This directory provides information about the baseline data provided by Dopamine. The default hyperparameter configuration for the agents we are providing yields a standardized “apples to apples” comparison between them.
The default configuration files files for these agents (set up with gin configuration framework) are:
dopamine/jax/agents/dqn/configs/dqn.gin
dopamine/jax/agents/implicit_quantile/configs/implicit_quantile.gin
dopamine/jax/agents/quantile/configs/quantile.gin
dopamine/jax/agents/rainbow/configs/rainbow.gin
We provide a website where you can quickly visualize the training runs for all our default agents.
The plots are rendered from a set of JSON files which we compiled. These may prove useful in their own right to compare against results obtained from other frameworks.
Dopamine agents originally used TensorFlow for its networks and agents, but has since migrated to Jax.

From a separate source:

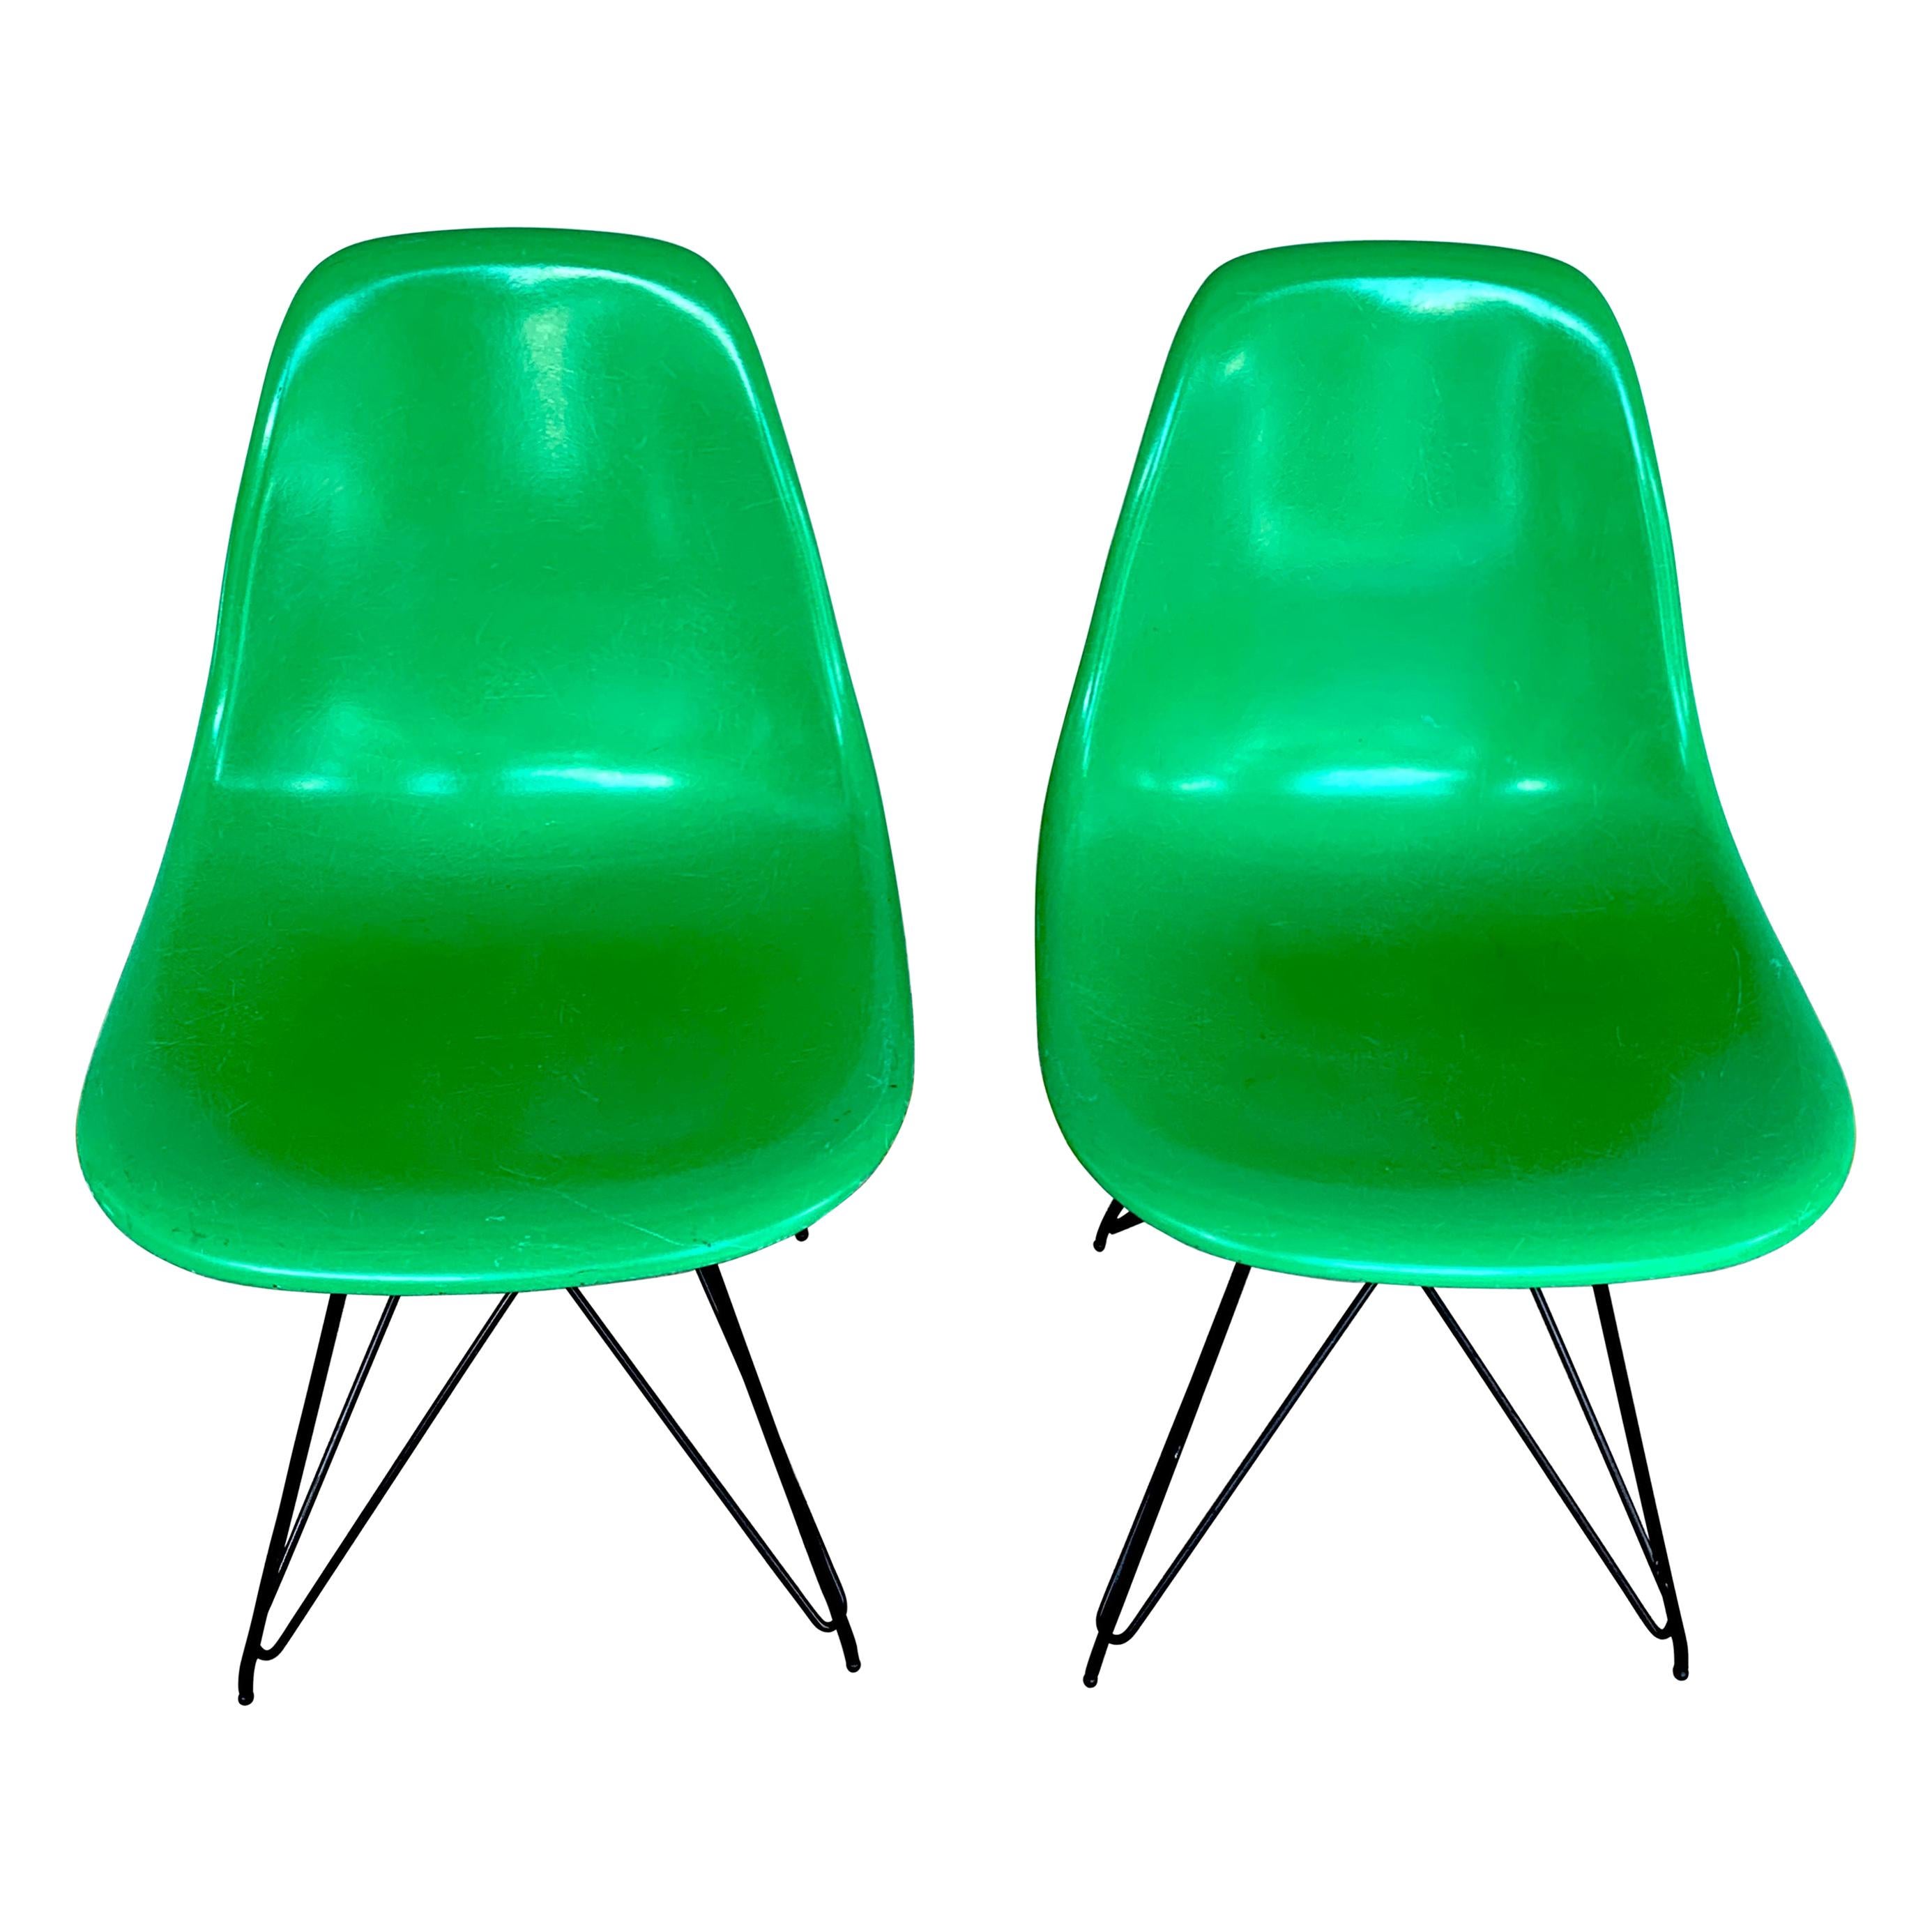 Pair of Herman Miller Eames Eiffel Tower Green Shell Chairs

The default configuration files files for the legacy TF agents (set up with gin configuration framework) are:
dopamine/tf/agents/dqn/configs/dqn.gin
dopamine/tf/agents/rainbow/configs/c51.gin
dopamine/tf/agents/rainbow/configs/rainbow.gin
dopamine/tf/agents/implicit_quantile/configs/implicit_quantile.gin
Our results compare the agents with the same hyperparameters: target network update frequency, frequency at which exploratory actions are selected (ε), the length of the schedule over which ε is annealed, and the number of agent steps before training occurs. Changing these parameters can significantly affect performance, without necessarily being indicative of an algorithmic difference. Unsurprisingly, DQN performs much better when trained with 1% of exploratory actions instead of 10% (as used in the original Nature paper). Step size and optimizer were taken as published. The table below summarizes our choices. All numbers are in ALE frames.

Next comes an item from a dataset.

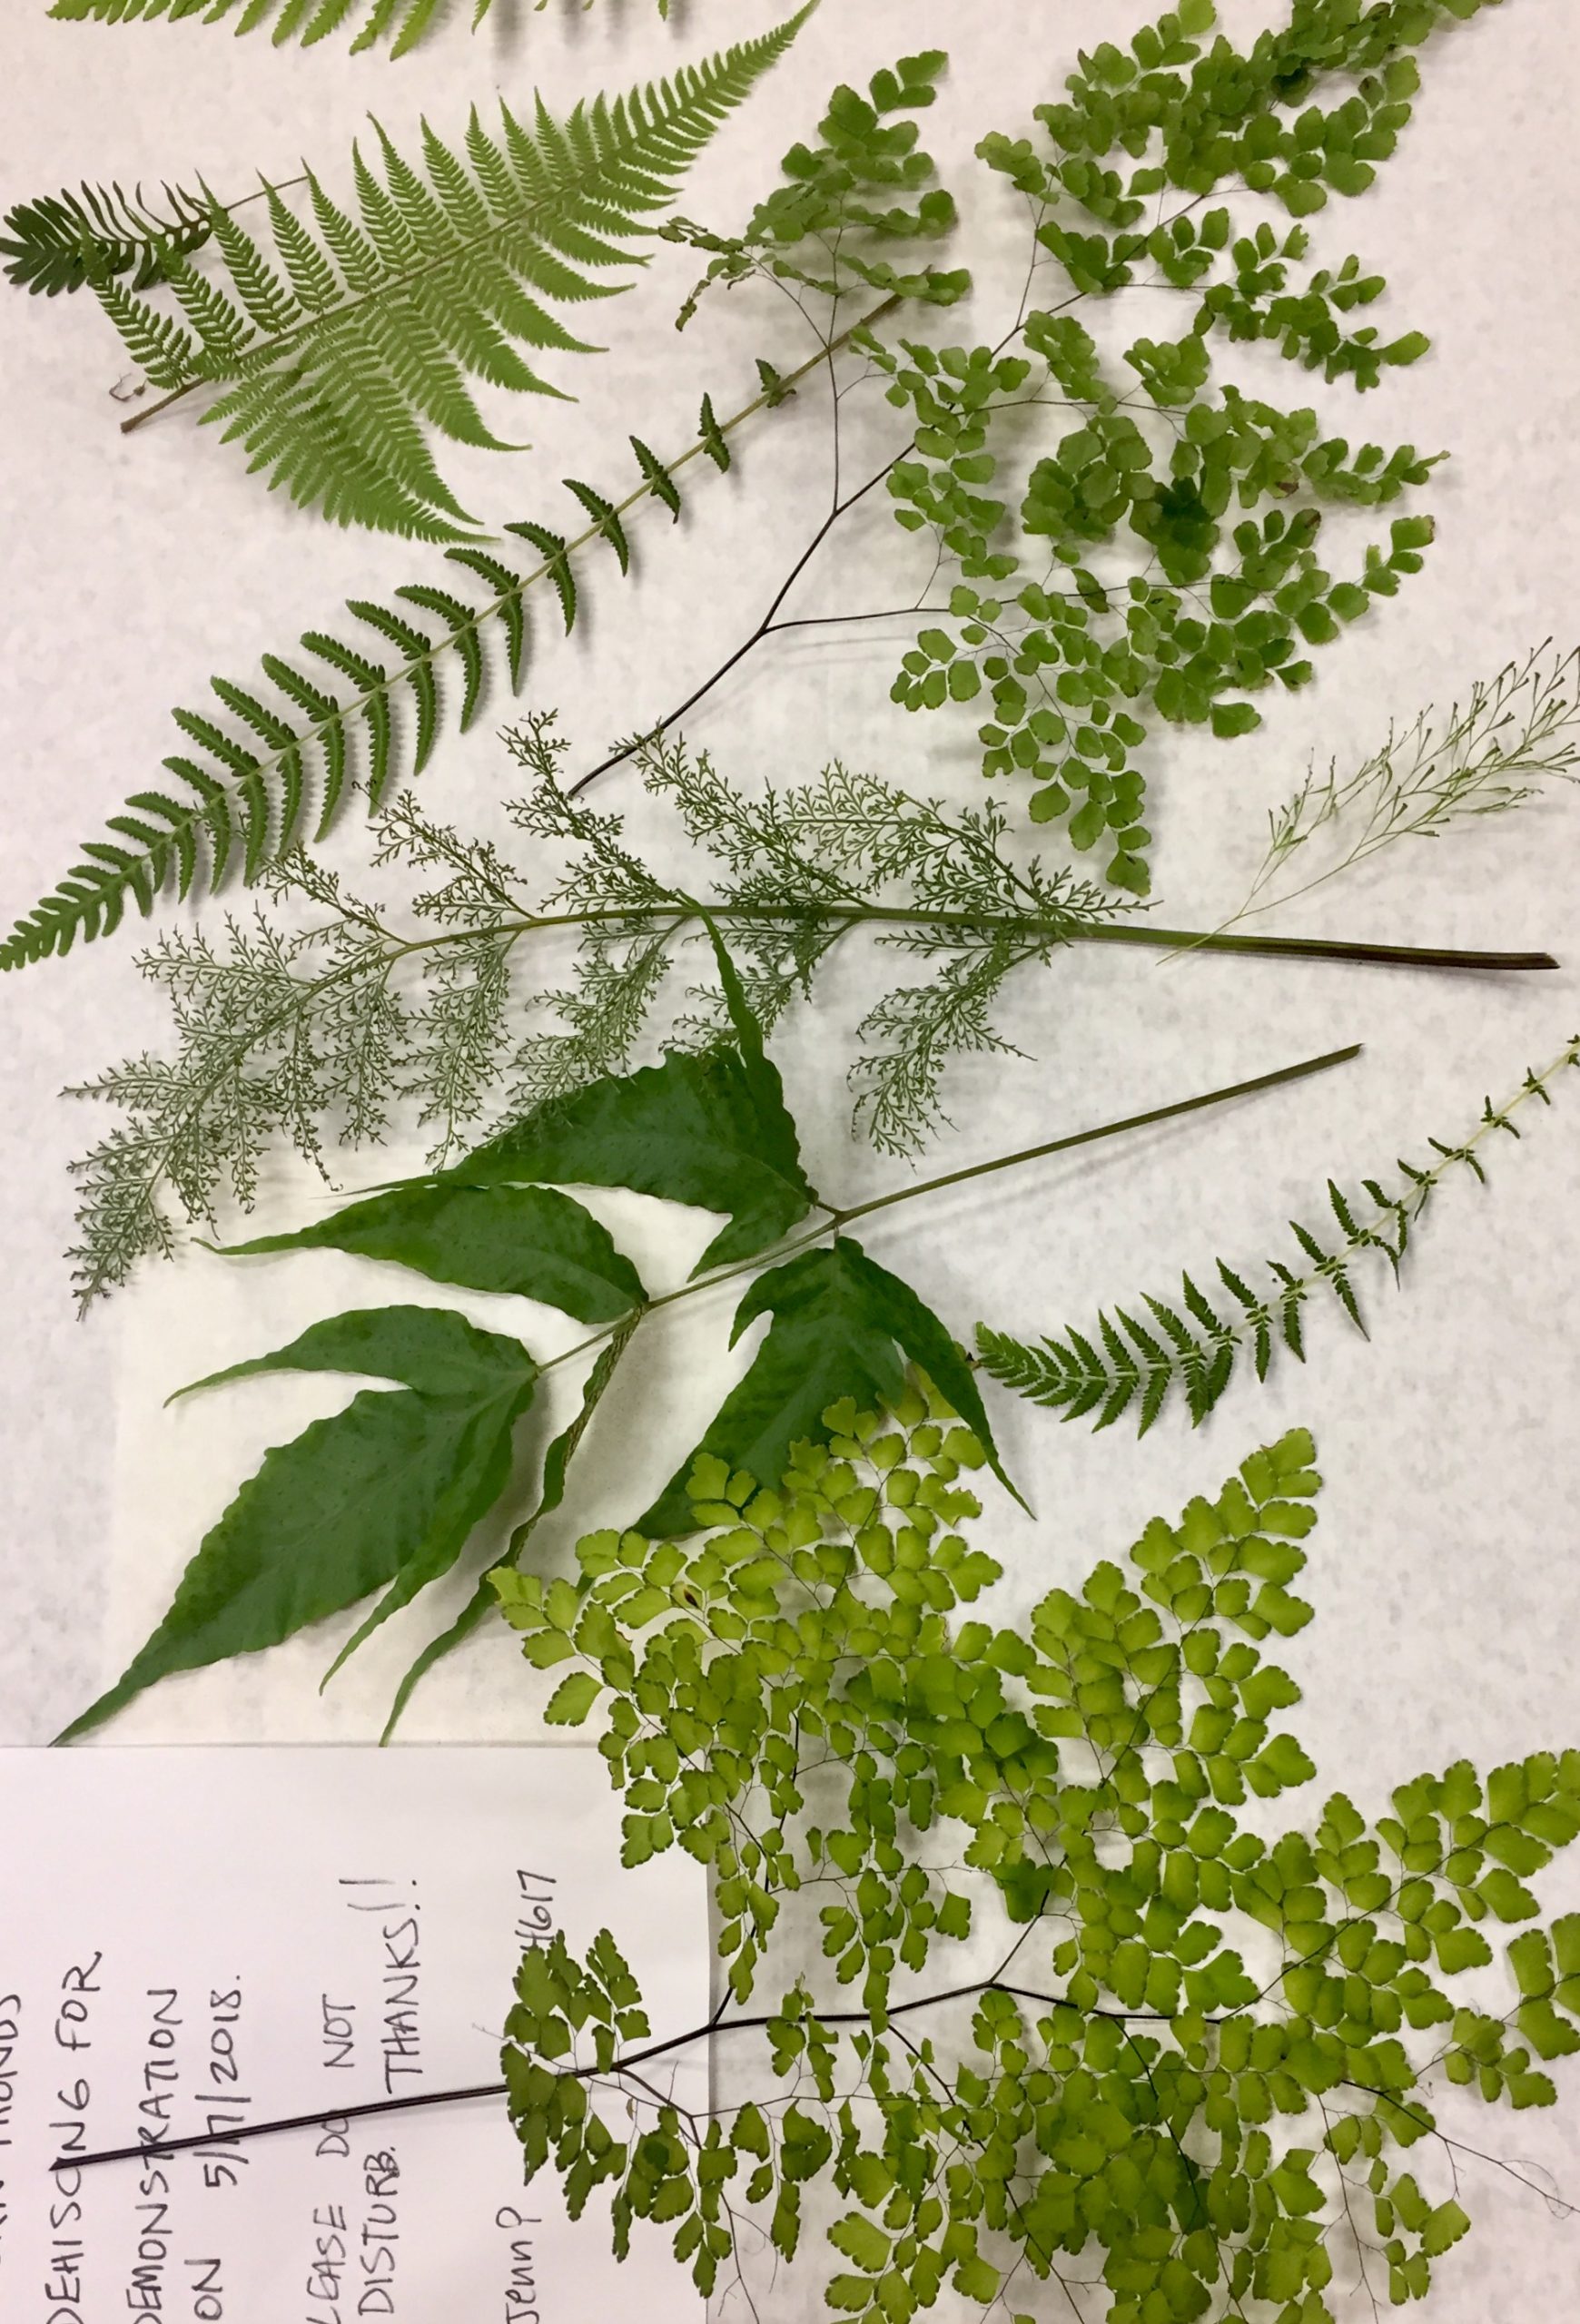 Some of the beautiful and varied ferns of southern Florida on display.

Note that these numbers were obtained with the legacy TensorFlow implementations.
Our baseline results | DQN | C51 | Rainbow | IQN | |
---|---|---|---|---|---|
Training ε | 0.01 | 0.1 | 0.01 | 0.01 | 0.01 |
Evaluation ε | 0.001 | 0.01 | 0.001 | * | 0.001 |
ε decay schedule | 1,000,000 frames | 4,000,000 frames | 4,000,000 frames | 1,000,000 frames | 4,000,000 frames |
Min. history to start learning | 80,000 frames | 200,000 frames | 200,000 frames | 80,000 frames | 200,000 frames |
Target network update frequency | 32,000 frames | 40,000 frames | 40,000 frames | 32,000 frames | 40,000 frames |